Auersburg Castle is a ruined hill castle in parish of Hilders in the county of Fulda in Hesse, Germany. The site is used today as a shelter and viewing platform.

== Location ==
The ruins are surrounded by forest on the southwestern slope of the 757-metre-high Auersberg in the Rhön Mountains, at the end of a popular hiking trail north of Hilders. Built on a militarily vulnerable, forward slope position, it was probably intended from the outset only as a seat of power or office.

== History ==
Although the earliest record only goes back to 1214, the castle is clearly much older. In 914, the area around Hilders came into the possession of Regenher of Weid as the result of an exchange of estates by Fulda Abbey and it was Regenher who probably built the first castle on the Auersberg.
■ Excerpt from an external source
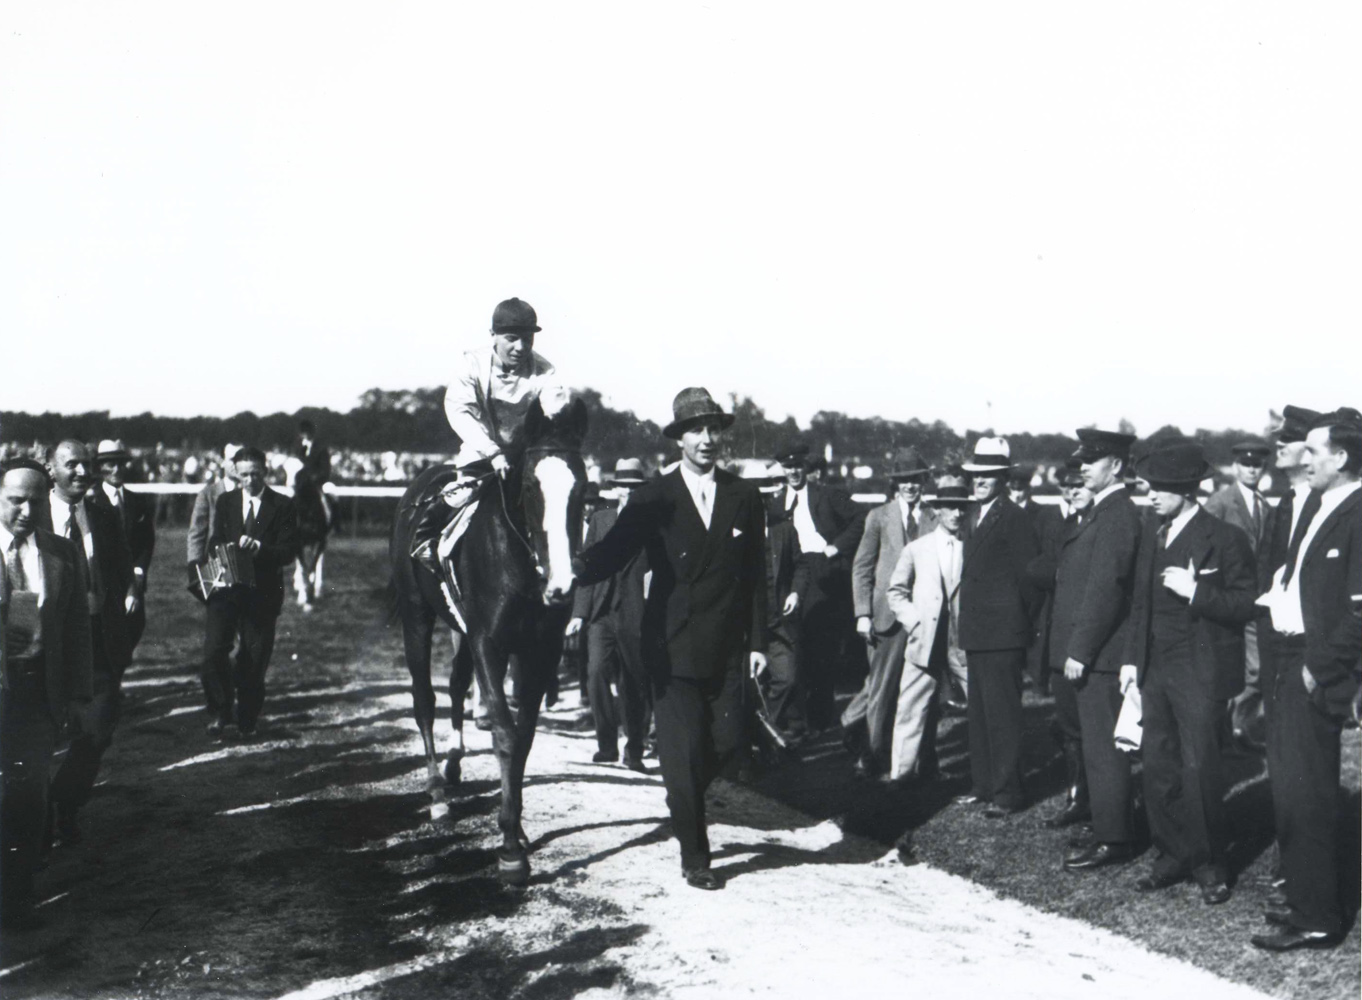 Top Flight (Raymond Workman up) entering the winner's circle with owner C. V. Whitney (Keeneland Library Cook Collection/Museum Collection)
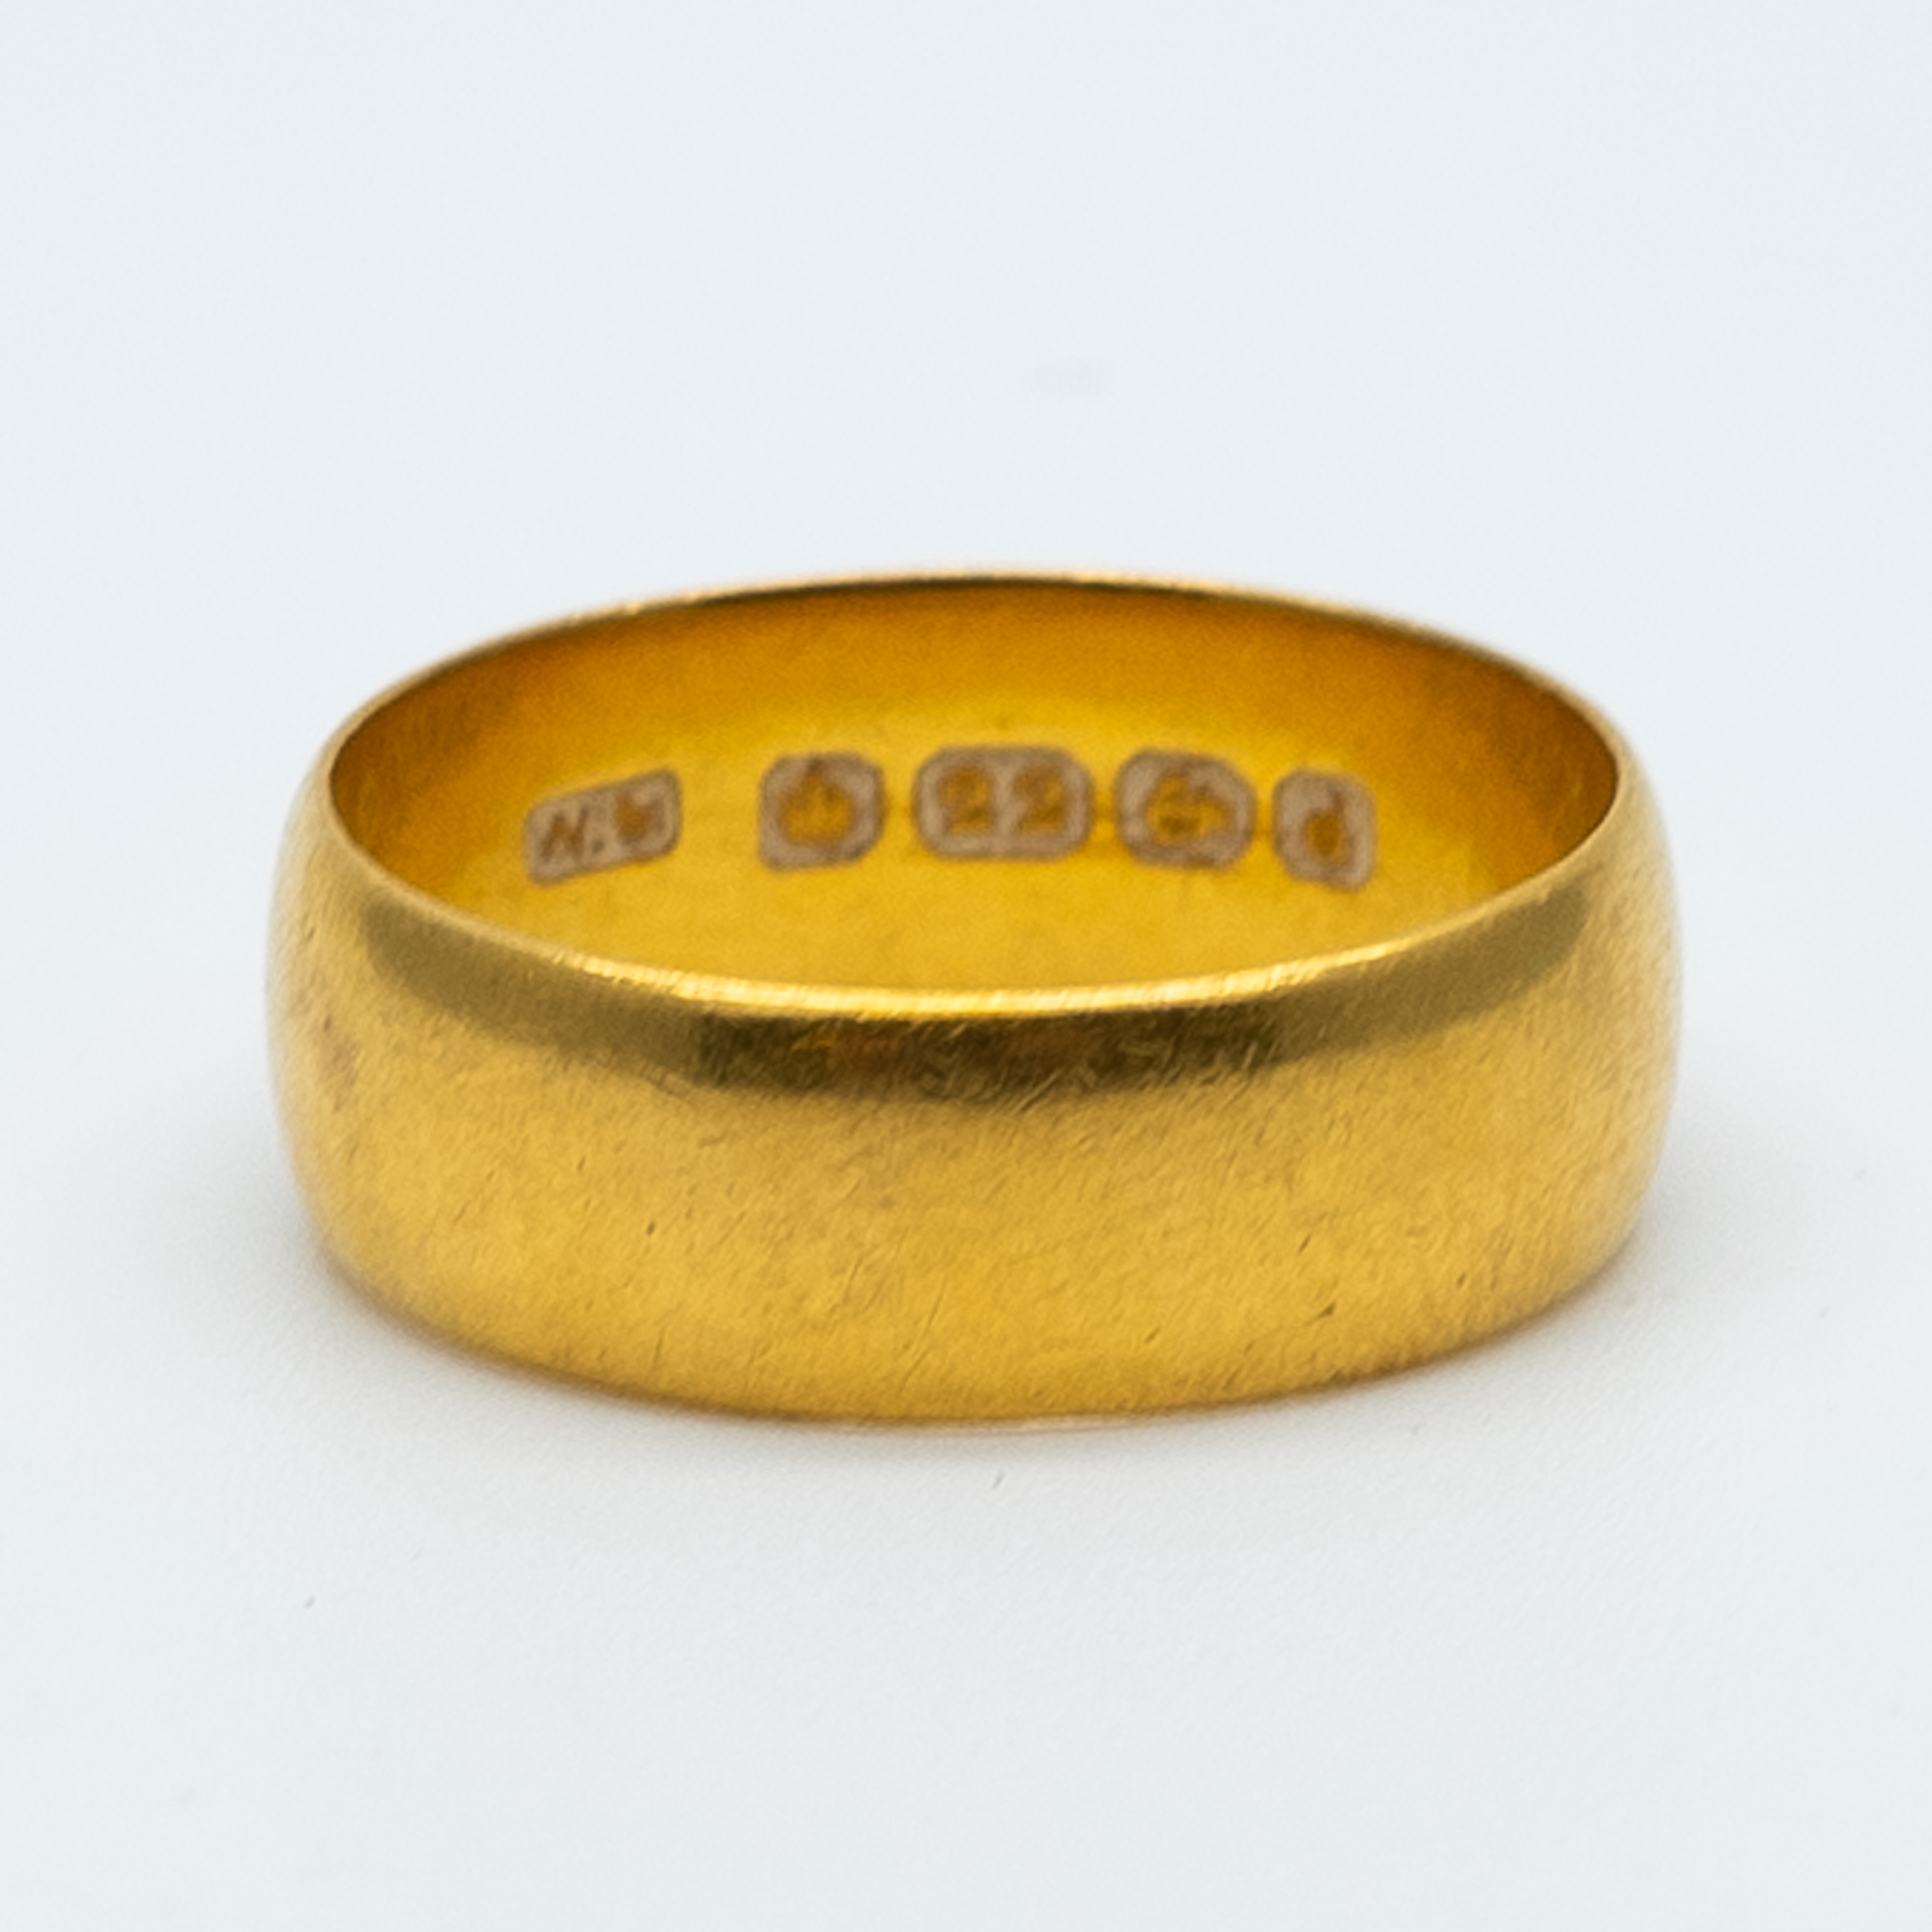 A 22ct yellow gold wedding band - Image 2 of 3

Around 1120 it was renovated or remodelled into a small knight's castle, probably by the counts of Henneberg, who had since acquired the territory. It was then used either as the seat of a younger brother or one of their vogts. Thereafter it had a very varied history, being located as it was on the border between several rival ecclesial and secular rulers.

In 1214, the Lord of Nithardshusen from the House of Henneberg, sold the property back to Fulda Abbey. They, in turn, enfeoffed it and, by 1270, the lords of von der Tann resided there.

== Legends ==
There are various legends associated with the Auersburg, such as the Auersburg Ghost (Gespenst von der Auersburg) and the Last of the Auersburgers (Letzten Auersbergern).

== Literature ==
- Rudolf Knappe: Mittelalterliche Burgen in Hessen. 800 Burgen, Burgruinen und Burgstätten. 3. Auflage. Wartberg-Verlag, Gudensberg-Gleichen 2000, ISBN 3-86134-228-6, p. 204.
- Rolf Müller (ed.): Schlösser, Burgen, alte Mauern. Herausgegeben vom Hessendienst der Staatskanzlei, Wiesbaden 1990, ISBN 3-89214-017-0, pp. 181–183.